EXERCISE PROMPT -
Please copy exactly the lines that begin with the one containing "Smaragdgrüne Keramik ist" and end with the last line of the entries.

AVAILABLE RECORDS -
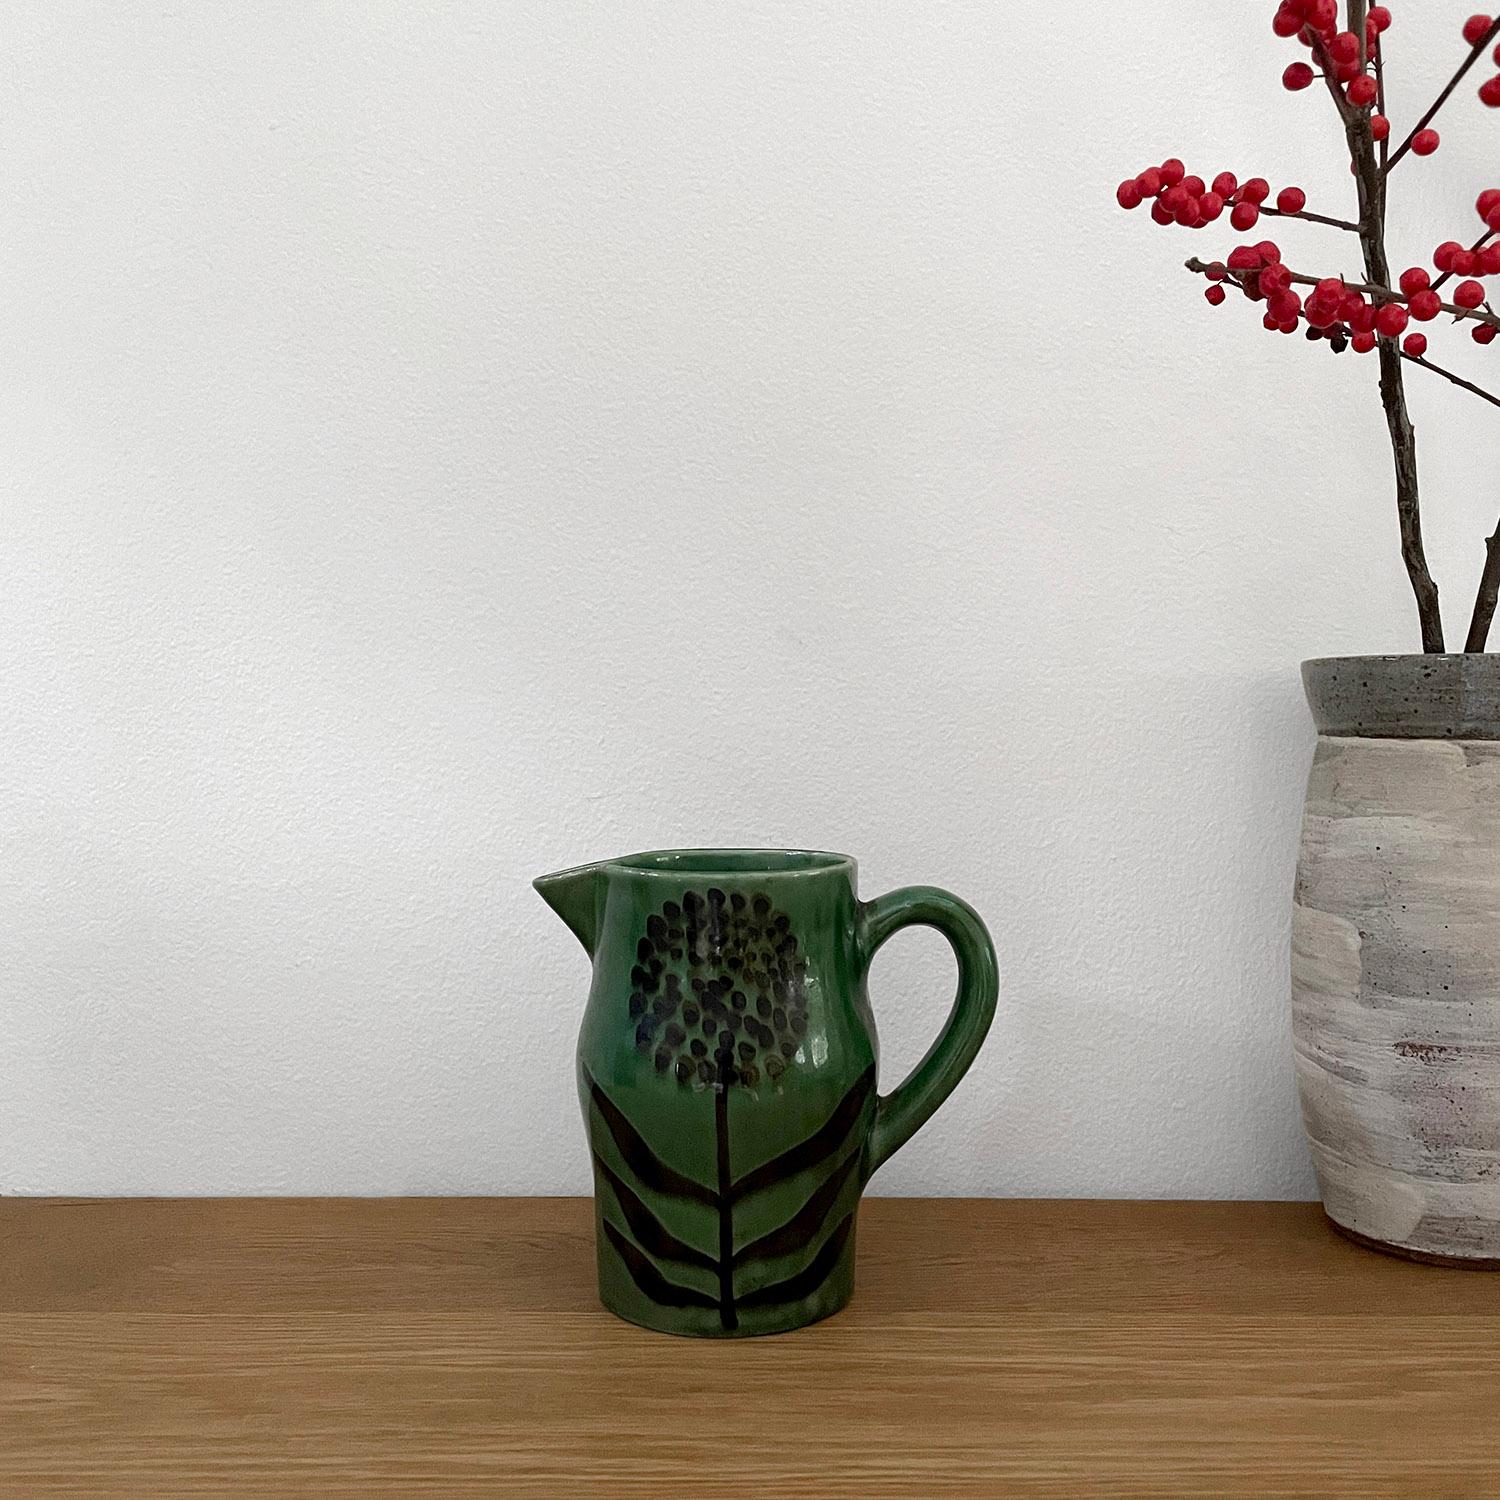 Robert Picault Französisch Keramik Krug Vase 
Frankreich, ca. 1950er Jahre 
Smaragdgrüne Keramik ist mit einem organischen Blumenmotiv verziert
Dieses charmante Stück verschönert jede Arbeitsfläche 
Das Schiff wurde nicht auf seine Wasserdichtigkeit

RESPONSE TO THIS TASK -
Smaragdgrüne Keramik ist mit einem organischen Blumenmotiv verziert
Dieses charmante Stück verschönert jede Arbeitsfläche 
Das Schiff wurde nicht auf seine Wasserdichtigkeit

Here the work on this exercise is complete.